Architecture of the used CNN network.

After training the deep model, we input again all data of the bearings 1–7 into this model to get the deep features. These features, extracted from fully connected layer, will be used for RUL prediction. To observe the feature distribution, we first apply PCA for the extracted deep features and then depict the distribution of the first three principal dimensions. Due to space limitation, we only take the bearings 1 and 7 for example, as shown in Figure 13.

Figure 13.

Scatter plot of PCA components from CNN deep features on the data of (a) bearing 1 and (b) bearing 7. Here, the green points and red points mean samples in normal state and fast degradation state, respectively.

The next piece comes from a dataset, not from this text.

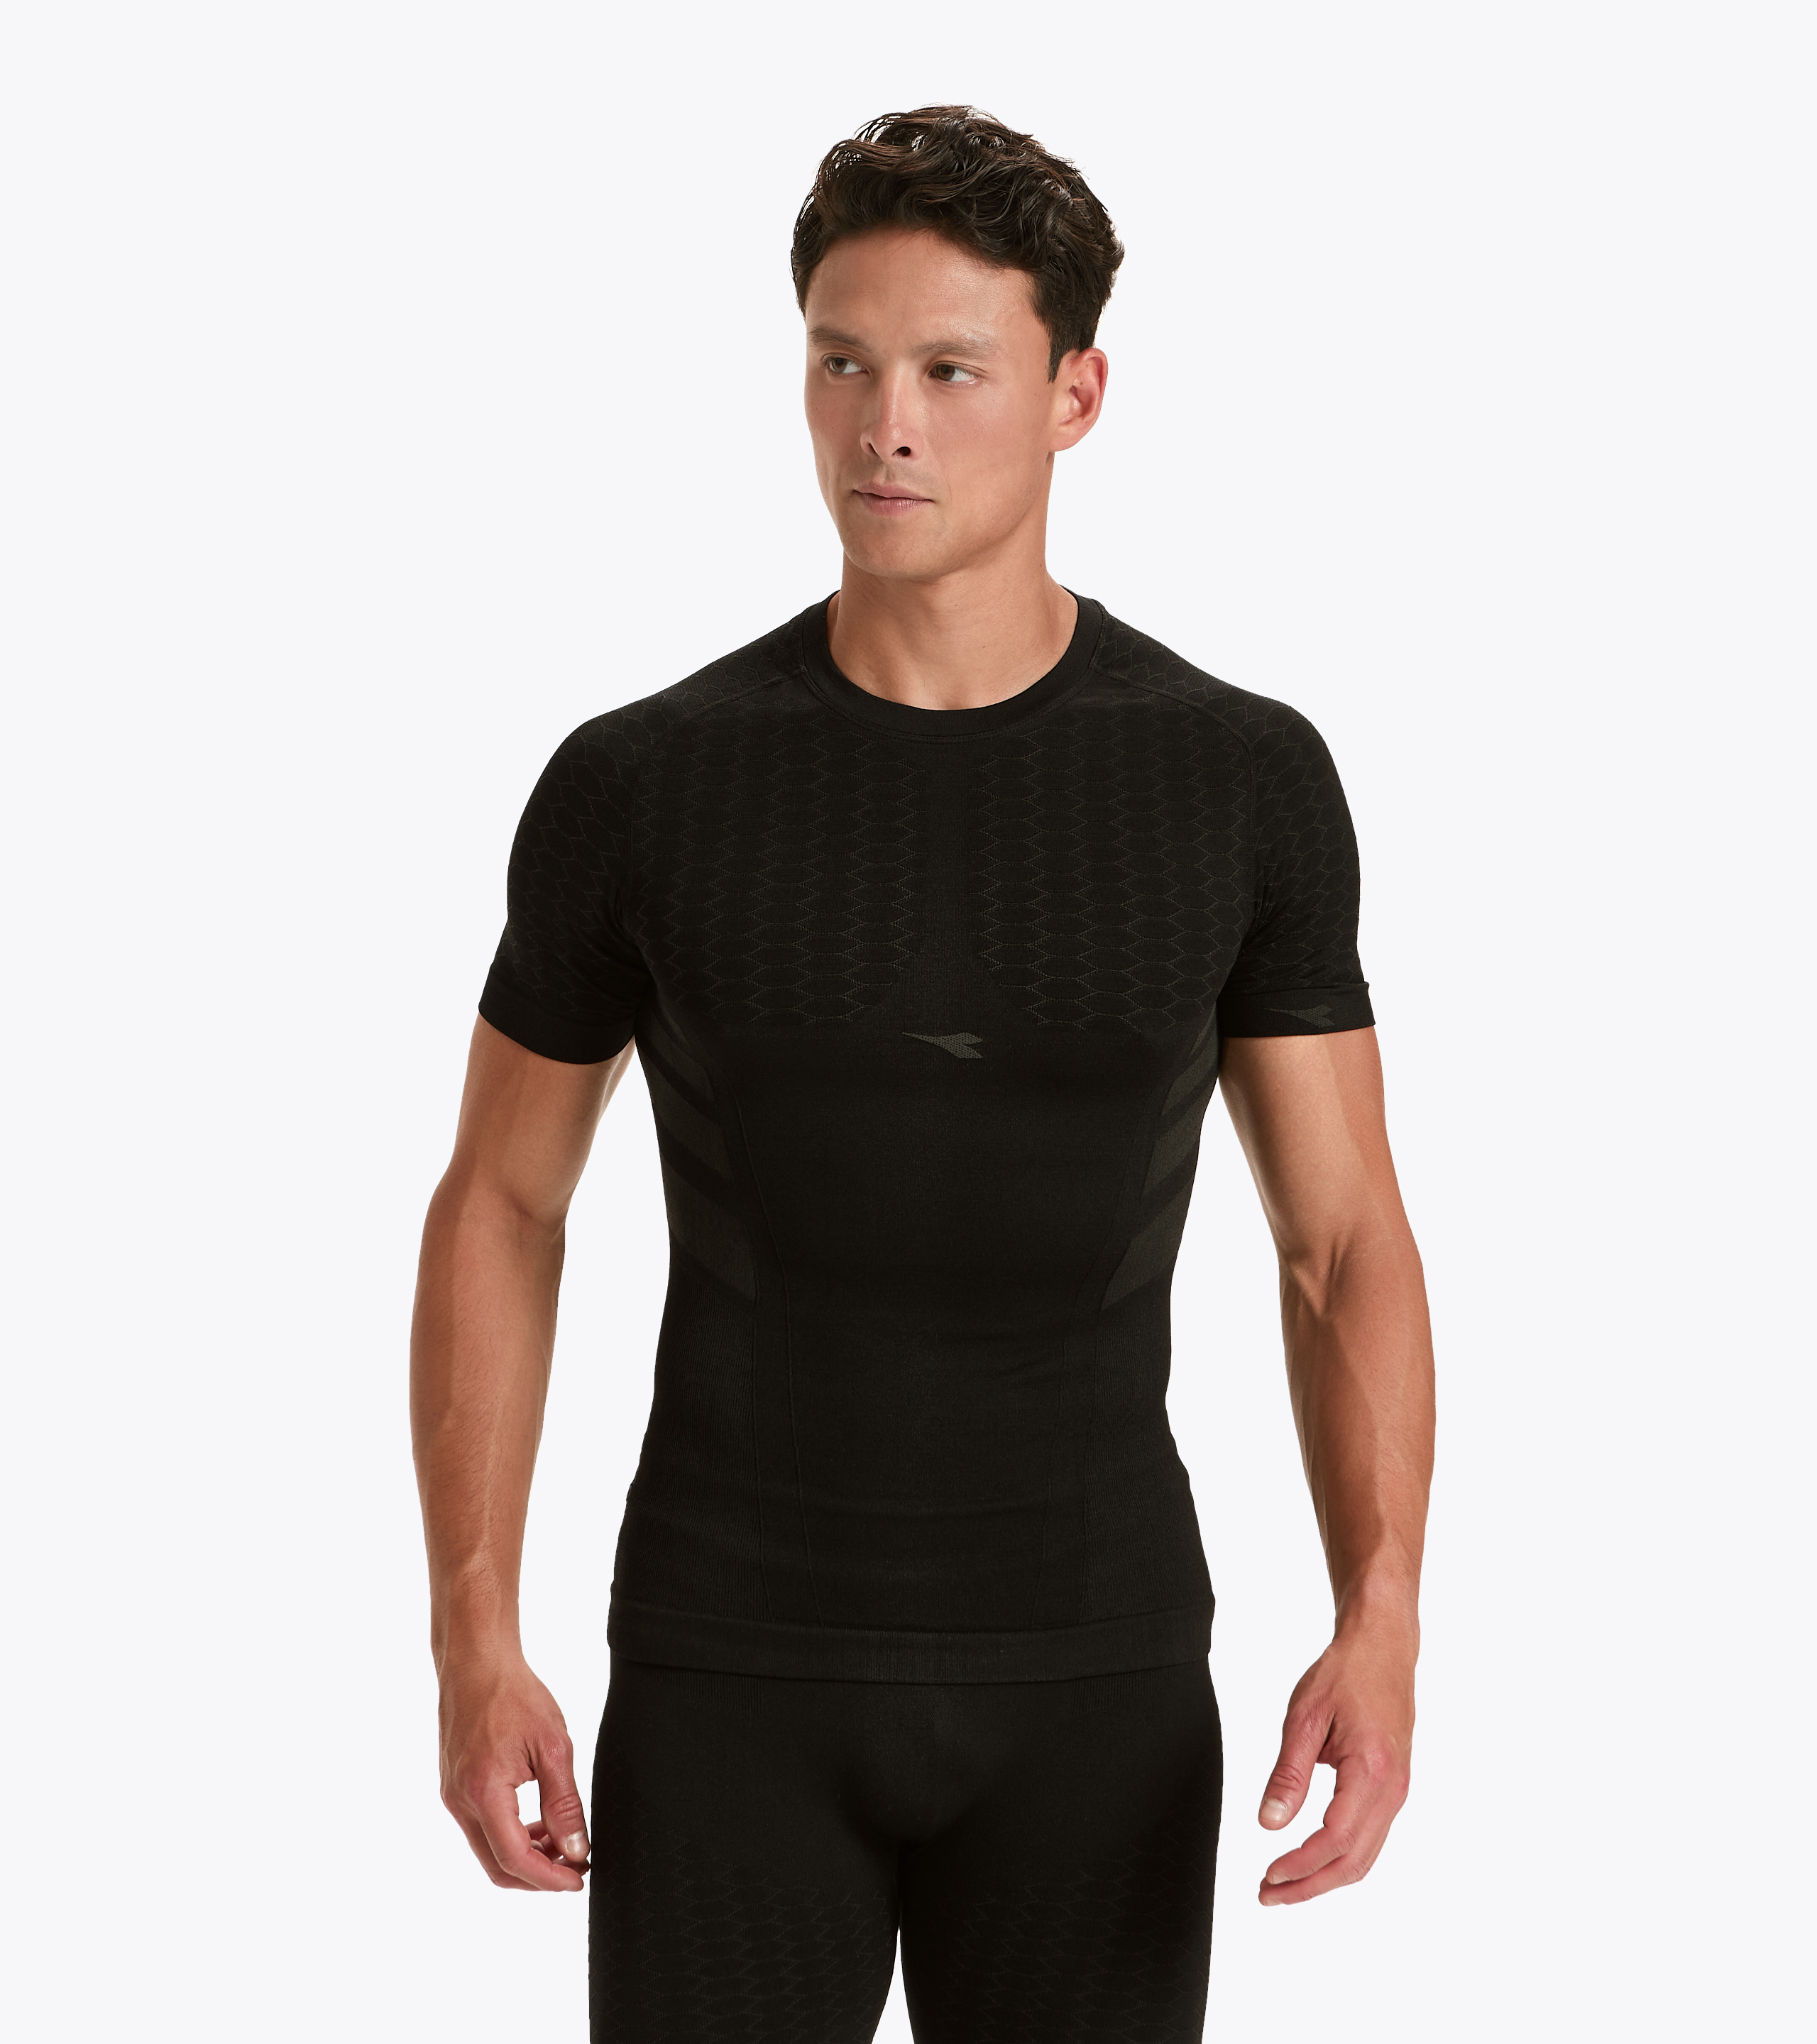 SS T-SHIRT ACT Short-sleeved training t-shirt - Men - Diadora Online Store  US

From Figure 13, we find that the green points and red points locate separately, which indicates the extracted deep features have obvious separability for normal state and fast degradation state. The results also testify the effectiveness of the deep features extracted from CNN model which has been trained in advance for classification task. High classification accuracy will lead to effective CNN deep features with good representation ability for two different states. Consequently, we think these deep features are applicable to characterize bearing’s degradation process.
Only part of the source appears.